Hawk Jubilee display
The new digital Hawk provides a display fit for a Queen

After a stunning display over Windsor Castle the RAF display team took to the skies in the BAE Systems Hawk aircraft, performing an impressive EIIR formation marking the Queen’s Diamond Jubilee at the Royal International Air Tattoo.

The new digital Hawk known as the Hawk T2 aircraft made up the ‘E’ element of the display led by Wing Commander Kevin Marsh.  There are two distinct features of the new digital Hawk that helped deliver the historical Jubilee display.  

It’s quick off the mark
Imagine jumping out of a Volkswagen Golf from the 1970’s and jumping into the latest model.  You’re going to get a much quicker reaction when you put your foot on the accelerator.  Exactly the same in the new Hawk.  The engine is more responsive and that’s down to the digital controls that instantly push more fuel into the system to give instant power.  This is known as the Full Authority Digital Engine Control system (FADEC).

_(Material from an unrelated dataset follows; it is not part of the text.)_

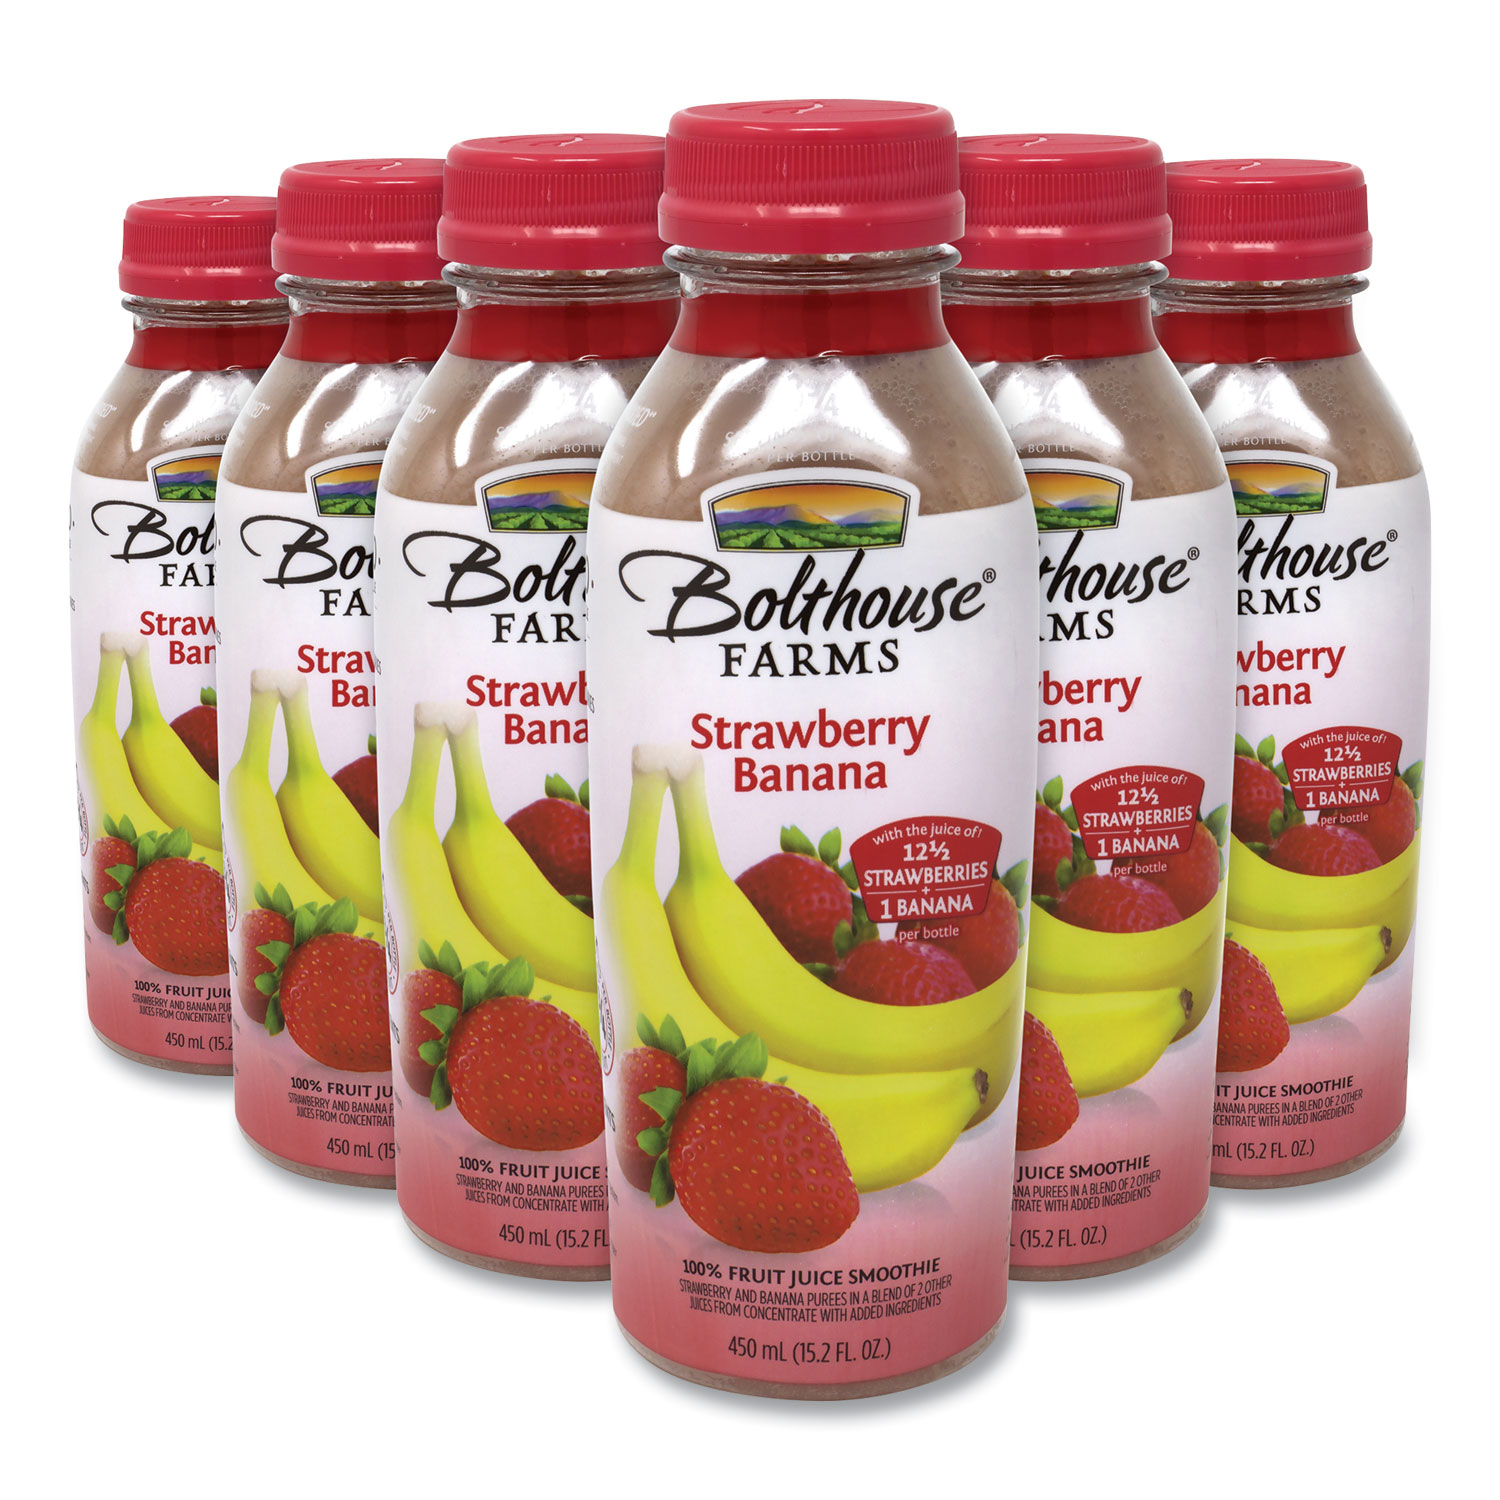  Bolthouse Farms SB4BF6 100% Fruit Juice Smoothie, Strawberry Banana, 15.2 oz Bottle, 6/Pack, Free Delivery in 1-4 Business Days (GRR90200458)

Complete awareness of the skies
The Hawk is equipped with sophisticated sensor simulation kit which provides the pilot with the same information as you would expect on a radar (but at a fraction of the cost.)
Three digital displays and a Heads Up Display (HUD) provide the pilot with all the information needed to complete a mission.  

For the Jubilee display, an instant view of the other 26 aircraft in the display meant complete and instant awareness of the skies.

Wing Commander Kev Marsh said “Flying the new Hawk aircraft for the display was fantastic.  Leading a formation is essentially about keeping a smooth and consistent position for the other aircraft to locate and reposition from.  Good communication is fundamental to formation flying.  When you’re flying within a few metres of another aircraft, the more information you have about the aircraft around you the better.  Hawk provides an unparalleled level of information which made this display much easier.”

A datalink connects all the aircraft in the display, passing critical information between each of the aircraft involved.  This is similar in principal to how a wireless network works in the home – connecting a variety of gadgets and PC’s together.  

The first cohort of RAF student pilots are currently undergoing fast jet training at RAF Valley using the new Hawk aircraft.